Over 50% of ALS patients exhibit MCI or executive dysfunction, often mimicking features of Frontotemporal Dementia (FTD), with specific language difficulties, especially word naming, orthographic processing and syntactic and grammatical processing (Pinto-Grau et al., 2021; Strong et al., 2017). In fact, 10–15% of ALS patients show prominent comorbid FTD features (Phukan et al., 2007). The overlapping clinical and genetic spectrum of ALS and FTD is reflected in their shared pathology: TDP-43-positive neuronal inclusions are a hallmark feature of both diseases, reinforcing their classification as part of the TDP-43 proteinopathy continuum (Gao et al., 2018; Tan et al., 2017). Current clinical challenges in ALS are early disease identification, as diagnosis is often delayed due to mimicking disorders (Štětkářová and Ehler, 2021).
While OD in ALS has been observed for decades, the literature on this topic remains limited. One imaging study has identified an association between OD and atrophic changes in the bilateral medial orbital cortex and right hippocampus, regions integral to olfactory processing that receive input from the primary olfactory cortex (Masuda et al., 2021). Standard olfactory tests, such as the UPSIT, often rely on verbal responses, which can be challenging for ALS patients with cognitive or linguistic deficits. To address this, Rami et al. (2007) proposed adapting olfactory tests to include non-verbal methods, such as a parallel visual version, a picture-based version, and a picture-word matching test. These adaptations were later validated in a larger cohort by Pilotto et al. (2016), who demonstrated that ALS patients performed worse on both odor identification and discrimination tasks compared to healthy controls, except in cross-modal matching tests. Scores of ALS-FTD spectrum patients were generally worse compared to ALS patients without cognitive abnormalities (ALS-N), suggesting the use of olfactory testing in ALS to identify individuals with a more diffuse cortical involvement (Pilotto et al., 2016). They also found the 12-odor version of the Sniffin’ Sticks to yield a sensitivity of 71% and specificity of 100% in distinguishing ALS-N patients from those on the ALS-FTD spectrum. Notably, olfactory data was collected on average 20 months after symptom onset and 4.5 months after diagnosis, yet no association was observed between OD and disease duration (Lang et al., 2011). Therefore, the use of olfactory testing in the early clinical phase could yield an important advantage for early identification and prognosis, as individuals with ALS-FTD have a faster disease progression and lower survival time compared to ALS-N or with cognitive impairment and behavioral changes (Ye et al., 2021).
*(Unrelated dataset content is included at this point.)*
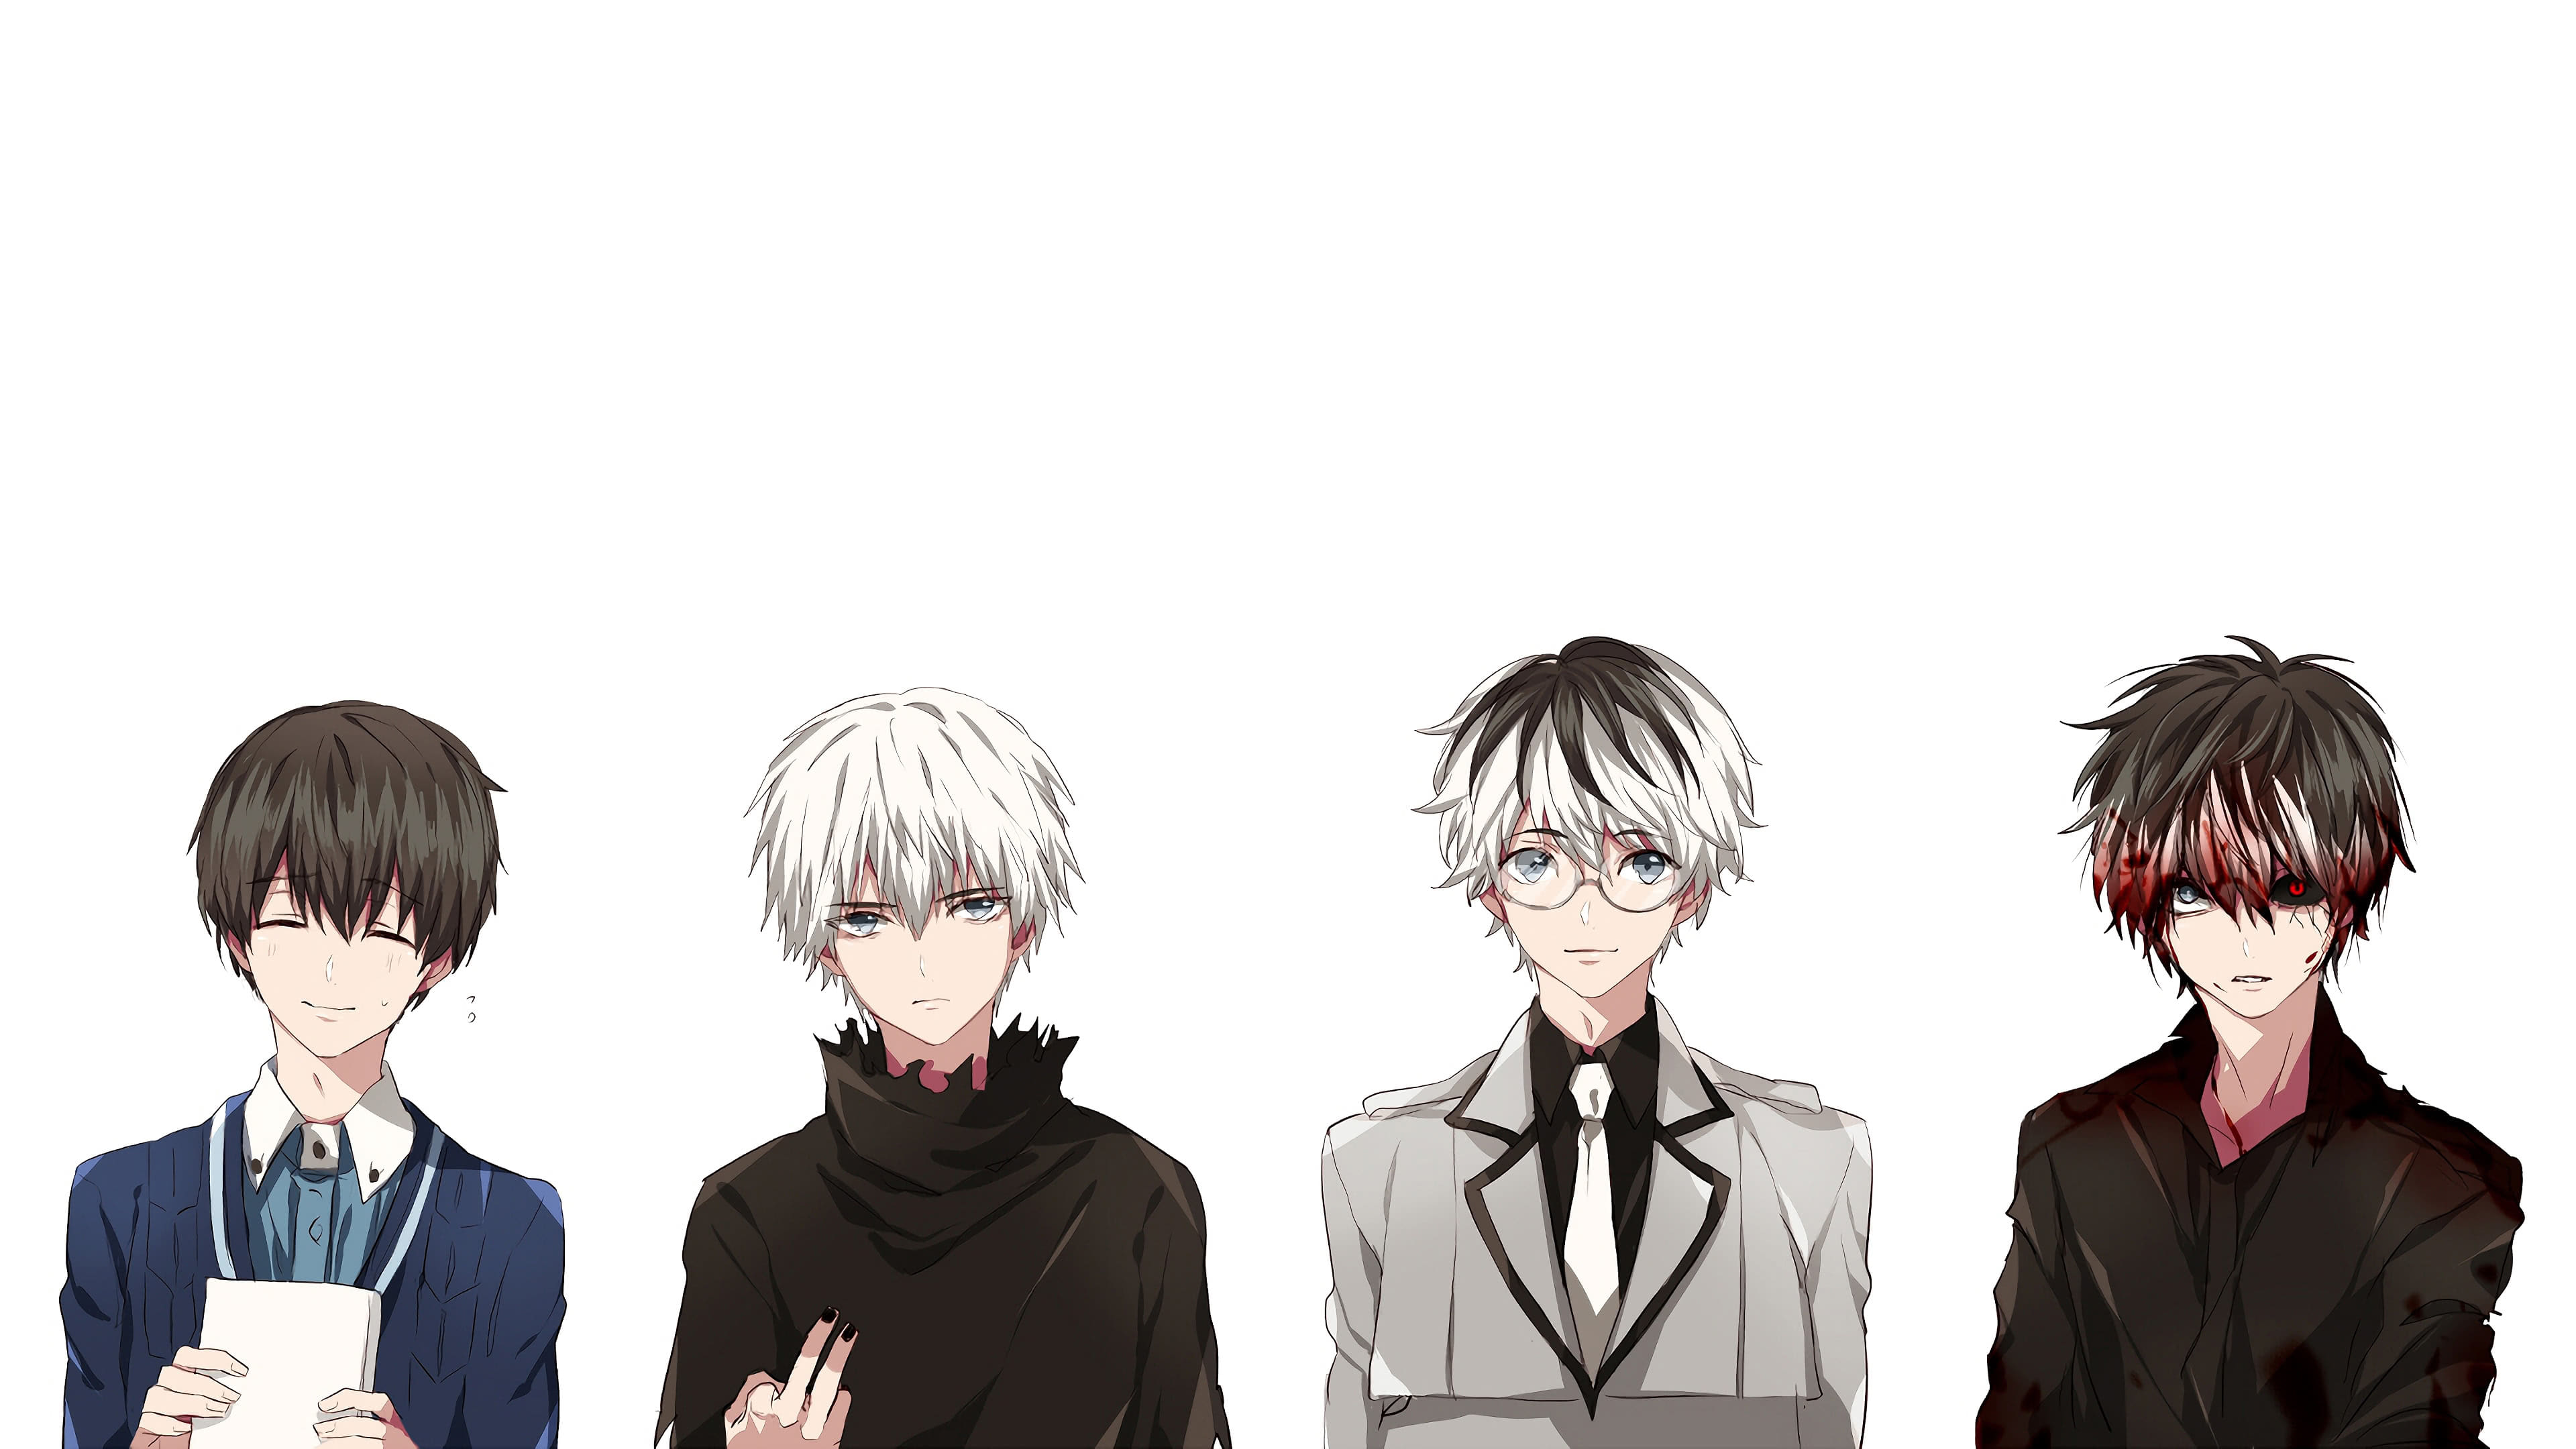 Tokyo Ghoul Ken Kaneki Personalities UHD 4K Wallpaper | Pixelz
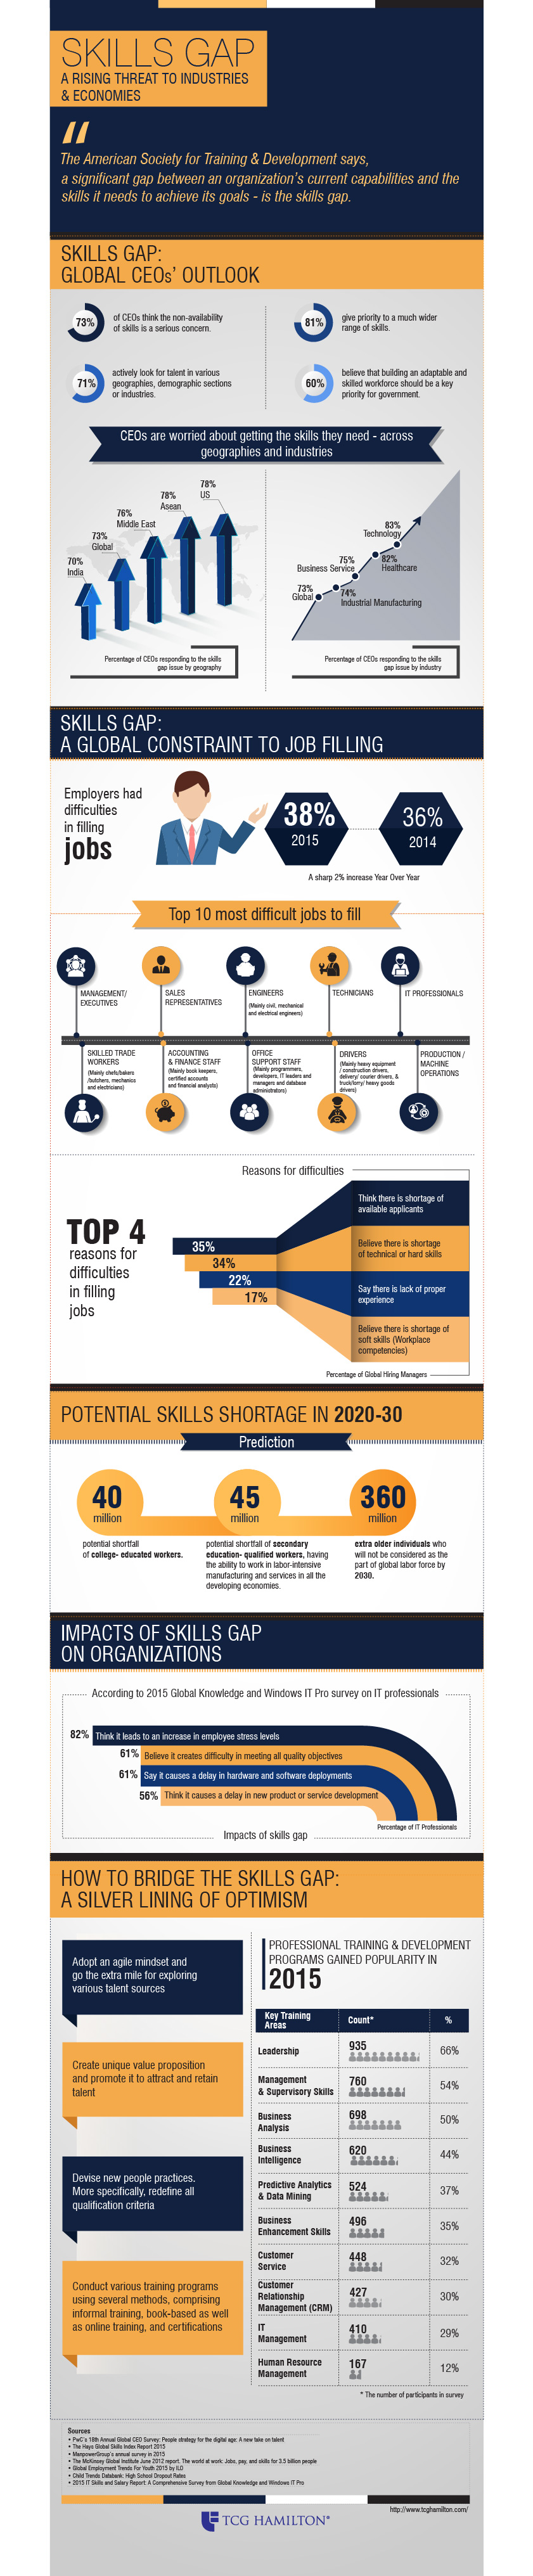 Skills Gap - A Rising Threat to Industries & Economies

The underlying mechanisms of OD in ALS remain poorly understood. A postmortem study found TDP-43-positive inclusions to be most frequent in the hippocampus and least abundant in the olfactory bulb (Takeda et al., 2015). This concentration gradient suggests ALS pathology to start in the hippocampus, after which it spreads to the primary olfactory center, later reaching other regions and, at last, the olfactory bulb. This would explain why the worst olfactory scores are found in individuals with cognitive dysfunction or patients on the ALS-FTD spectrum, as the pathophysiology is more widely spread in the brain, assuming TDP-43-positive inclusions to be a pathophysiological explanation.
An intriguing observation is the relationship between olfactory performance and respiratory function. One study found that ALS patients with dyspnea exhibited lower olfactory scores, while those with preserved respiratory function (vital capacity >70% of the predicted value) performed comparably to healthy controls (Günther et al., 2018).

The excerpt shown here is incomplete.